6 months ago, I noted that the NHLBI had prematurely brought a halt to the AIM-HIGH study which sought to demonstrate the benefit of high dose extended-release niacin in addition to intensive lipid lowering w/high dose simvastatin +/- ezetimibe. Unfortunately, the study did not turn out as expected, such that, despite a statistically significant increase in HDL, there was no decrease in cardiac events. However, we were all left to speculate since the only available information at that time was from a press release.
Well, just 2 days ago, the results of AIM-HIGH were release early online by the NEJM. In this randomized, double-blind, placebo-controlled trial, the participants were given either 2,000mg/d of extended release niacin, eg Niaspan, or a matching placebo, in addition to high dose simvastatin 40-80mg/d +/- ezetimibe 10mg/d to achieve an LDL <80mg/dL in patients w/known coronary artery disease. After 3 years, there was no difference in cardiac event rates despite niacin increasing HDL from 35mg/dL up to 42mg/dL, dropping TG from 164mg/dL down to 122mg/dL and LDL from 74mg/dL down to 62mg/dL.
So is this the end for extended-release niacin? The editorialist would argue differently. Certainly, there is no evidence to support the use of niacin in someone w/known heart disease. But perhaps niacin might provide benefit in statin-intolerant patients? And let's not forget that we're still waiting on the larger HPS2-THRIVE study due out in 2013. However, I would argue for two other alternative theories.

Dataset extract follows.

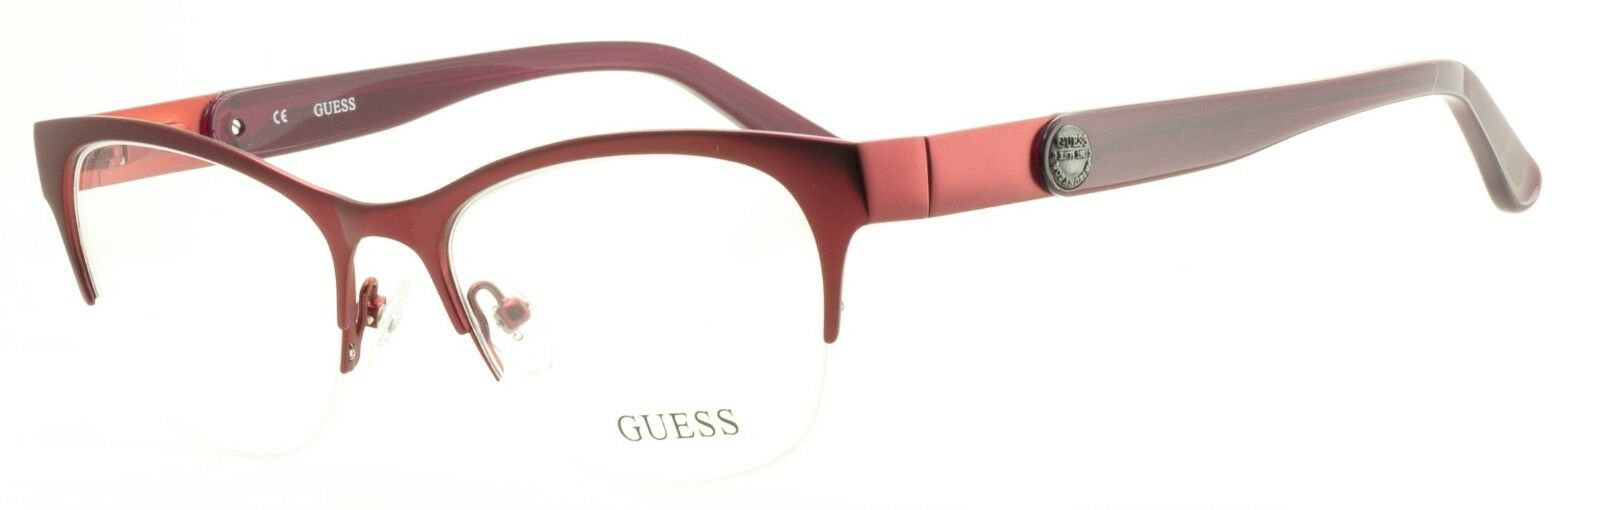 GUESS GU 2357 BU Eyewear FRAMES Glasses Eyeglasses RX Optical BNIB New - TRUSTED

First, perhaps we didn't raise HDL adequately. Sure, 42mg/dL is into the "normal" reference range (40-60mg/dL) but it only cleared the lower limit of normal by 2mg/dL. Observationally, it's not until patients have HDL >60mg/dL that we notice a decrease in group event rates. But as I mentioned yesterday, this is akin to tutoring someone from an F grade (35mg/dL) to D- grade (42mg/dL) but not bothering to push into the A range (>60mg/dL).

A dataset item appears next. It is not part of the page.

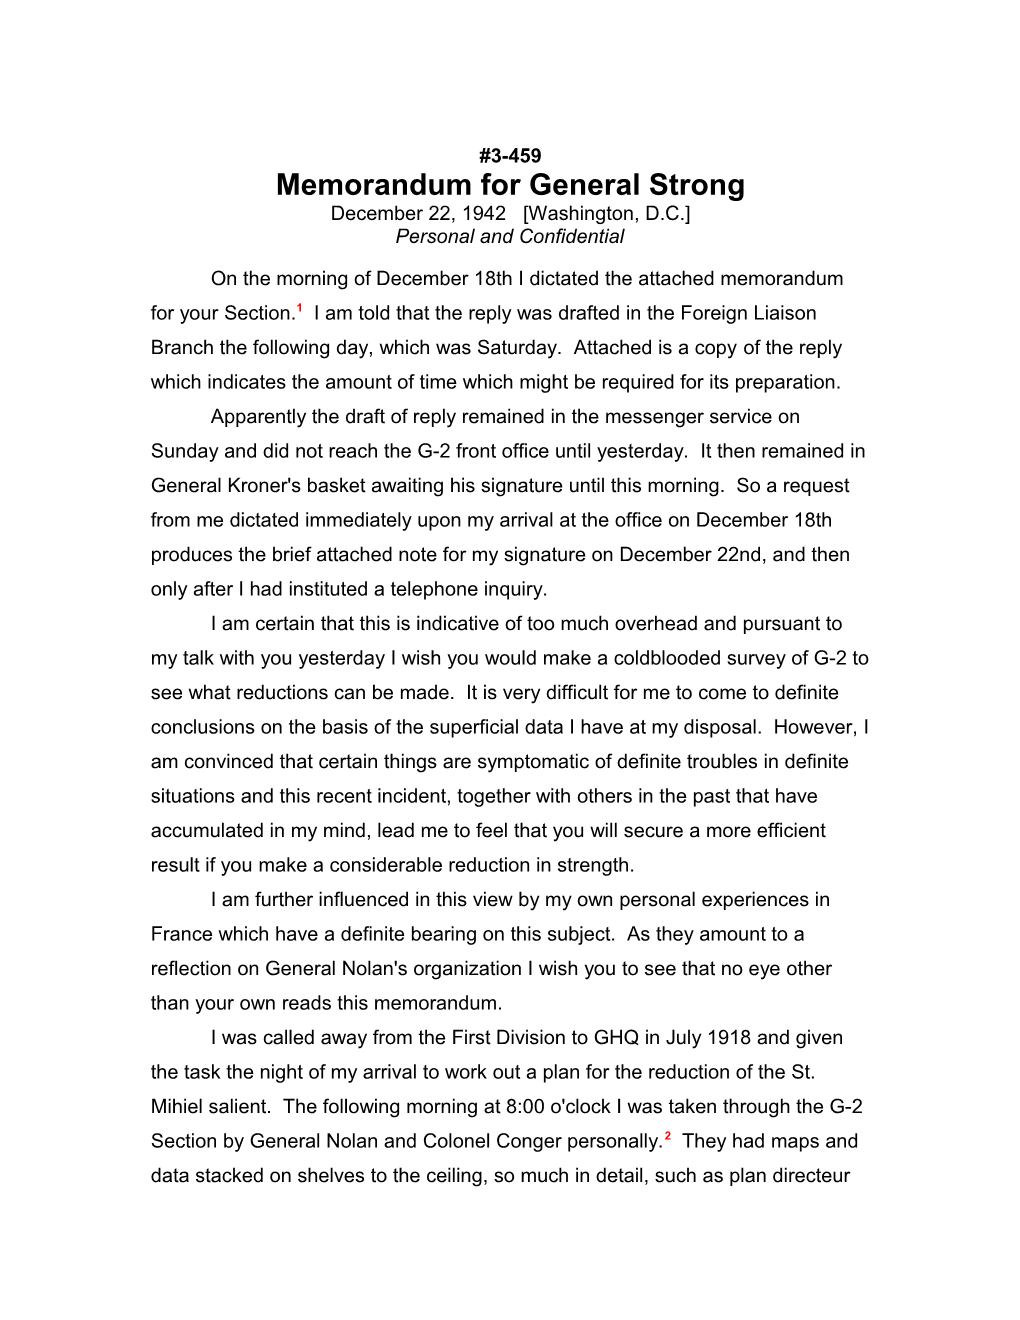 Memorandum for General Strong

Second, while I agree that niacin no longer has a role in secondary prevention, that says nothing of a possible role in primary prevention. Which brings to mind the American Academy of Pediatrics' recent recommendation to screen for dyslipidemia in children as young as 9-11yo. Controversial? Sure! But the idea is not so much to start our kids on a lifetime of statins but rather to look at heart disease as a lifelong condition that requires decades to manifest and thus could conceivably be delayed/improved if lifestyle changes were given adequate time to take effect. Something to consider while we wait for HPS2-THRIVE.